Investigating levels of ethical commitment among the officers of a given police organization by analyzing reports of breaches, corruption, or unjustified use of force does not necessarily provide better results. As Ivkovic et al. (2012; see also Ivković 2015) note, it is not clear that police misconduct reports are useful in measuring the general level of ethics within any given police agency as the number of incidents of misconduct or their reported seriousness may be deceiving. An increase in the number of reported incidents could be caused by tougher policies against police deviance while a decrease in seriousness might be the result of more efficient cover-up strategies by either corrupt officers or their administration (Punch 2003). Neither would necessarily involve any change in the underlying level of ethics. Ivkovic and Haberfeld (2015b) also discuss how difficult it is to use inquiry commission reports as a basis for determining the level of ethics in a police department. These inquiries are rare and in some countries, such as Region B (Carrer and Alain 2011, 2012; Carrer 2004), do not take place even when problems of corruption are clearly apparent. As well, careful examination of all the incidents that led to the inquiry is a difficult and time-consuming task for any researcher (Ivkovic et al. 2012, p. 150). Researchers as well as administrators have therefore adopted another approach to assessing levels of ethical commitment in police organizations: surveys.

The Use of Surveys for Assessing Ethical Commitment among Police Officers

In the USA, using surveys to explore police officers’ attitudes and integrity began with Milton Rokeach (Rokeach et al. 1971) who, with his team, attempted to determine whether there were differences in values and attitudes between police officers (Caldero 1997). In the same period, police managers began to accept the idea that surveys of officers in their organizations could be useful in understanding how officers responded to change, such as the shift from traditional policing to the community policing model (Walker and Katz 2012; Klockars et al. 2007; Greene et al. 1994). However, such surveys are usually undertaken for managerial purposes and are not available to the public or scientists. As well, because they serve particular managerial purposes, it cannot be assumed that they represent the values and attitudes of a true random sample of a given population of police officers.

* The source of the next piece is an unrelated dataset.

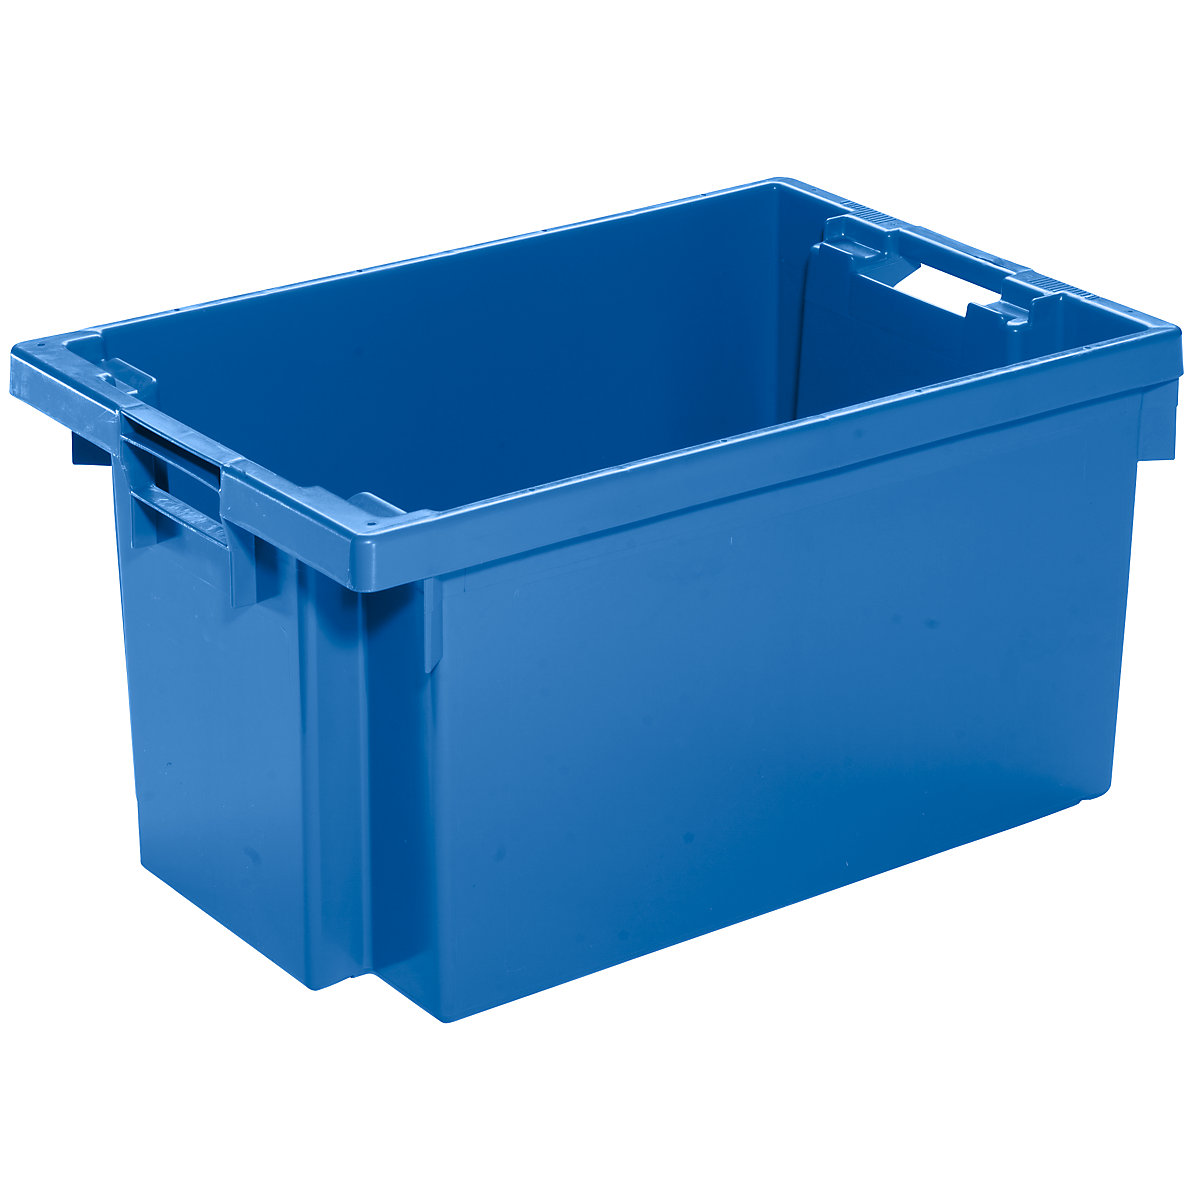 Drehstapelbehälter aus HDPE, Inhalt 50 l, Wände und Boden geschlossen, blau

There are further problems in trying to assess the ethical commitment of police officers, challenges well described by Ivkovic:

Consistent in these studies is the phenomenon that whenever direct questions about police misconduct are posed, be it about police corruption, use of excessive force, or police testifying, the researchers are bound to experience similar forms of opposition: police administrators are reluctant to open their doors to researchers raising questions about police misconduct, possibly fearing that any misconduct uncovered will be interpreted negatively for the administration/agency; police officers fearing ostracism from their colleagues if they reveal anything about the misconduct of their fellow officers or fearing disciplinary and/or criminal consequences if their own misconduct is uncovered. In addition, typical witnesses and victims of police misconduct, such as prostitutes, drug dealers, and other career criminals, may not be credible witnesses in court. — Ivković 2015, p. 2)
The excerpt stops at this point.